"I'm still fascinated by it all"
Series: Young Opera Talents (II)
Our series on the Bertelsmann Stiftung's "Neue Stimmen" International Singing Competition is profiling a number of up-and-coming opera talents. Christiane Karg, for example, is one of the competition's few winners from Germany.
Slam... the barista puts the "iced latte to go" on the counter, throws down two straws and turns away. "Unbelievable," Christiane Karg says, as she unwraps the straws, balls up the paper and throws it at him. "It's amazing what some waiters think they can get away with," she adds, shaking her head. It's not arrogance, but the voice of experience talking, since the young singer - now performing in Frankfurt as Papagena in "The Magic Flute," Susanna in "Le nozze di Figaro" and Musetta in "La Bohème" - spent years working as a waitress. Even today when she visits her parents in the Bavarian town of Feuchtwangen near Bayreuth, she sometimes dons an apron to take coffee and dessert to guests. "My parents own a café, located in a former monastery," she explains. "It's a family business, and my sisters and I started helping out at a young age."
Today one sister works as a pastry chef and chocolate maker, the other is getting a degree in hotel and restaurant management. As for Christiane, her career on the stage began back in the monastery. "Every year it hosted a summer music festival," she says. "I could see everything from my room. I've never forgotten it." Her father's passion for music also helped, since he often took her to the Wagner Festival in Bayreuth. "I'm still fascinated by it all," she says.
As a child she sang in church and entered musical competitions, where she won at both the state and national levels. After graduating from school, she passed the entrance examination for the Mozarteum in Salzburg - on her first try. There she was lucky enough to be put under the tutelage of Prof. Heiner Hopfner, who remains an advisor and supporter to this day. "He left my voice as it was," Christiane says. "He made sure that I didn't overdo it and didn't copy anyone else, but stayed just the way I am. It was an incredible help." As she speaks, she laughs and gazes into the sun reflecting off the Binnenalster, the smaller of Hamburg's two downtown lakes.
It's a symbolic location. "When I was first given the opportunity in 2006 to work in Hamburg's opera studio, the Binnenalster was the first thing I saw here," she says. "As soon as I did, I knew I wanted to stay." It was an exciting time, living "auf der Schanze," in one of the city's more colorful quarters. "I couldn't go out a lot, since I was onstage most evenings. But it was nice to know that so much was happening right outside my front door," she explains. In the end, she decided to leave, since other promising roles - like the ones in Frankfurt - beckoned, and since she was keen to try something new.

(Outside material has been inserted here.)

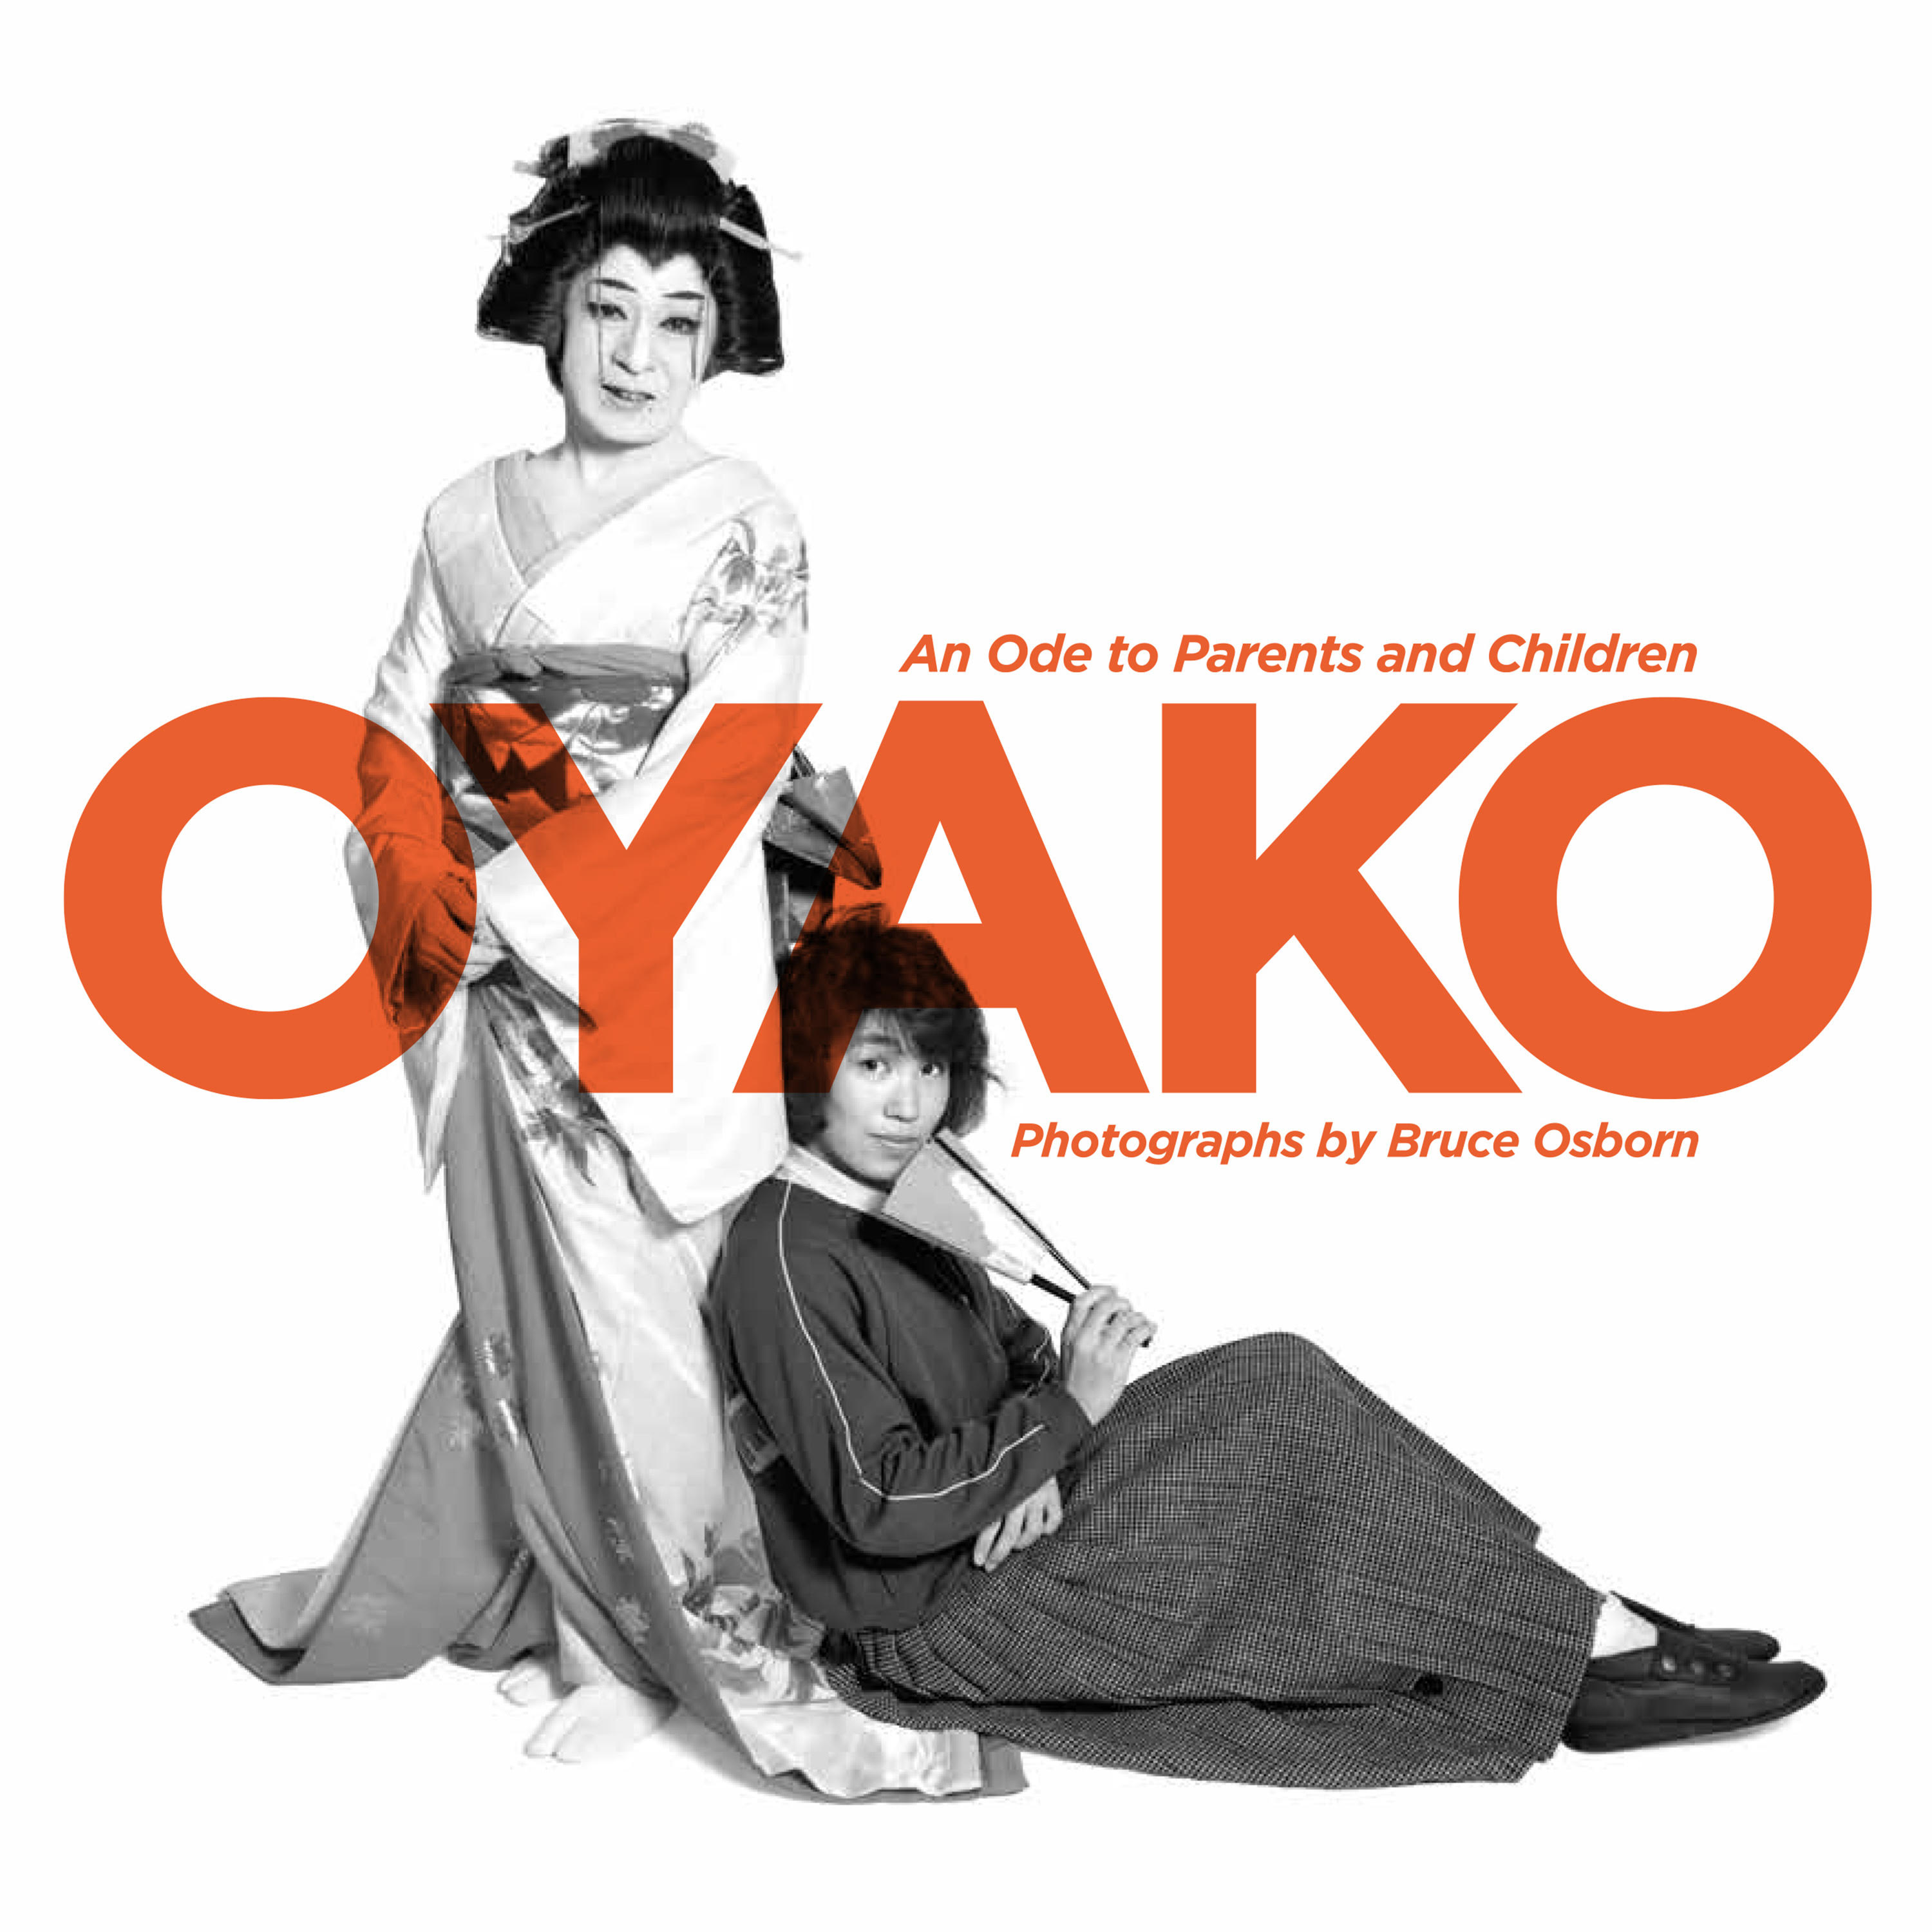 Bruce Osborn Explores Parent-Child Dynamics in Japan with “OYAKO”

Given her extensive past on the state, stage fright is something that's completely foreign to her. "I sang my first solo at the age of 10, so I'm no longer nervous," she says. What also helped was participating in the Bertelsmann Stiftung's "Neue Stimmen" International Singing Competition in 2007, where she came in sixth - one of the few Germans to win a prize. "I'm still in touch with a lot of the other contestants. They come from all over the world, and on the international level prospects for German singers aren't so great. The performers from South America, for example, have a vocal quality that is warmer. Their voices are larger and have a different tone," Christiane explains. "Of course we all want to sing the major Italian operas, but there are few Germans who can. And certainly not right off the bat.
"What the "Neue Stimmen" competition teaches, she says, is not to get too worked up, not to try too much at once - and that even if the world of art is just like the world of commerce, you can't forget that you're an artist above all else. That's why she still enjoys performing - as well as traveling around the world and putting energy into her fledgling recording career. She doesn't have a lot of time for a private life, even if her family is often sitting in the audience. When asked about a long-term relationship or starting a family, she laughs and gets a faraway look in her eyes. "I don't have the time at the moment. I work a lot, maybe too much," she says. "But for now, that's how it should be. If Mr. Right shows up, all the rest won't matter anyway. But he'd have to be someone very special, the kind of person you'd be willing to change your life for." Where would she like to set up house with him? "In northern Italy, in a villa on Lake Como," she says, laughing once more.